A local board can investigate immediately. By contacting complainants (or hearing them at meetings), it can hear local accounts directly, respond personally, and be seen by the public to do that, yet keep sensitive personnel information confidential. As Nissen heard one Albuquerque citizen say at a meeting, “At least we know now who to contact. We have a channel of communication with the police.”

I work with police officers. Many are fine individuals who show real concern for the public. Seems some aren’t. Or get overly excited under pressure. Overall, the record now demands action, and the most constructive action available is an oversight board that can help resolve complaints, improve training, facilitate communications, ensure bad apples are trained better or tossed, clear up misunderstandings, and help build trust between officers and citizens. Members should neither believe everything said by officers nor be biased against them. (Paying police more might help, too.)

In many cities, such boards have made great improvements. For a small fraction of what Las Cruces [we] will pay Sam Bregman and the Bacas.

We all must stop seeing mentally-troubled citizens as “other.” Amelia Baca was much more than her final moments.

                                                          --  30  --

 

[The above column appeared this morning, Sunday, 22 May, 2022, in the Las Cruces Sun-News, as well as on the newspaper's website and KRWG's website. A related radio commentary will air during the week on KRWG (90.7 FM) and be available on demand on KRWG’s site.]

[While I obviously think it’s important to hold police accountable, I also think it important to see events from the officer’s point-of-view, if at all possible. Here, he was first on the scene to a call in which [and I have not yet heard the 9-1-1 call] the caller was in fear of Ms. Baca, who had knives and was stabbing the floor in anger.
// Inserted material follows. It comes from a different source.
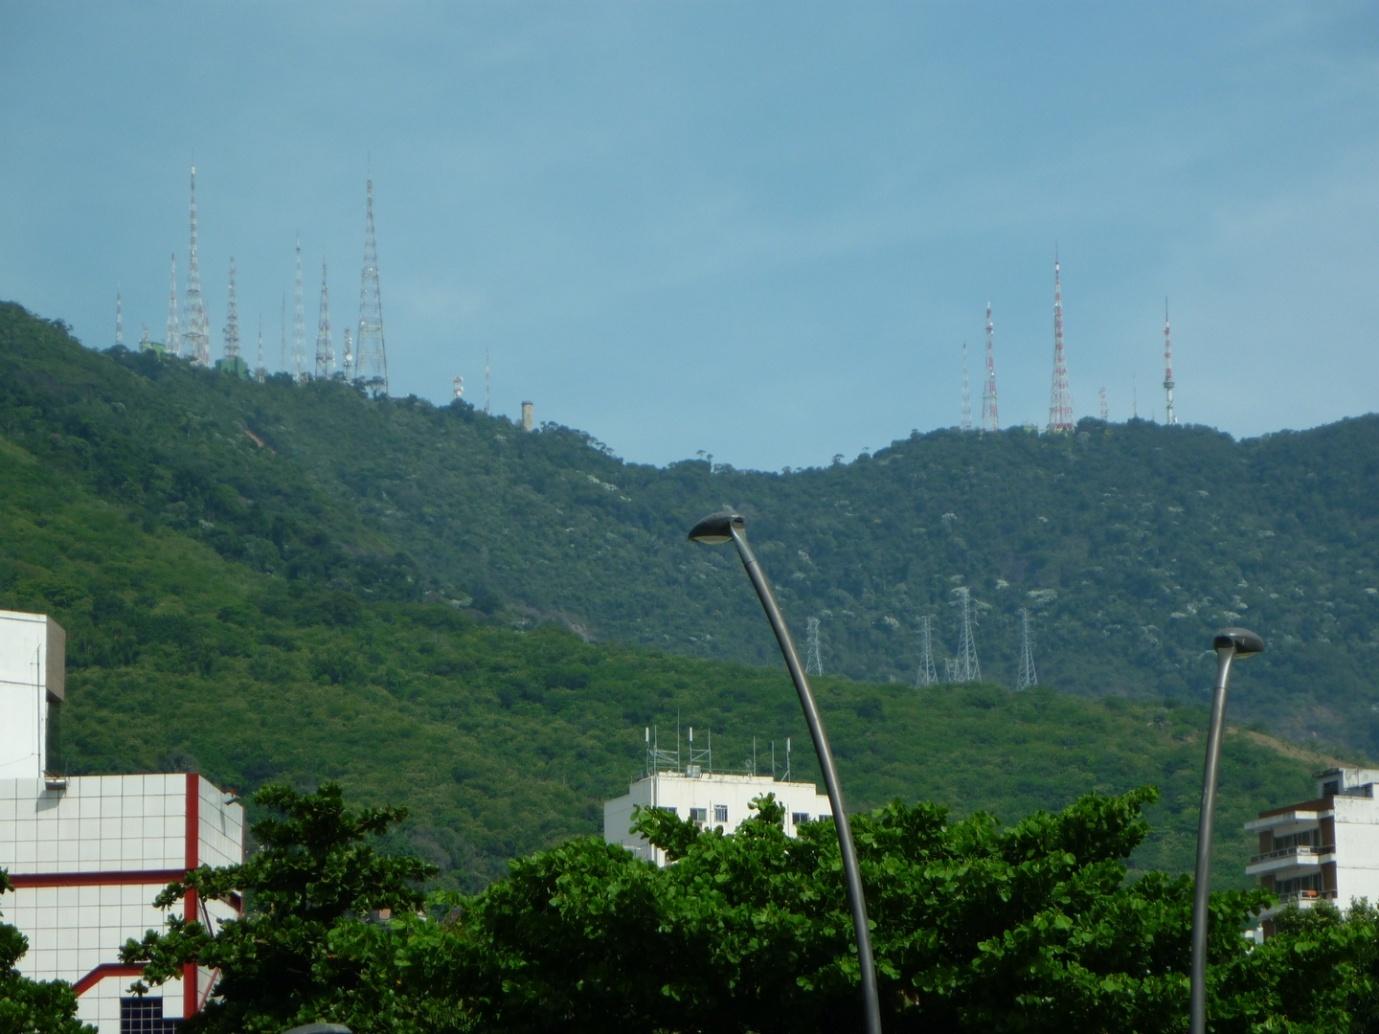 Visão morro do Sumaré, no pátio da Igreja de São Francisco Xavier, situada na rua do mesmo nome. Os pontos brancos no alto de algumas torres correspondem às antenas transmissoras para o sinal digital.

Although he could see she was small, and knew she was mentally troubled, a knife is a knife, and conventional wisdom among cops is that even if you have a gun, you may well get stabbed if the knife-wielder is within ten feet. Yes, watching the video we feel like he shouldn’t have shot, or could have wounded her; but we don’t know what he was trained to do or how it felt to be him in that moment. That’s why, although I tend to hope he’s not a cop much longer, I express no opinion on a criminal charge. Exercises run by DASO a few years back to educate us on how vulnerable a cop could be in various circumstances were effective; and an early experience with LCPD more than 45 years ago was instructive. In that situation, a cop nearly shot an innocent man, but under the circumstances (the man suddenly appearing in a house neighbors had thought was being burglarized, unaware the man had the owner’s permission to stay there) it would have been hard for me to say the officer would have been wrong. But I’m not sure a video would have captured how the moment felt. It’s easy for us to say the shooter of Amelia Baca didn’t have to shoot; but we weren’t there. Conviction of most relevant crimes includes proving (beyond any reasonable doubt) intent. For that and other reasons, I don’t feel comfortable commenting (particularly without all the evidence) on whether or not he should be charged, or with what.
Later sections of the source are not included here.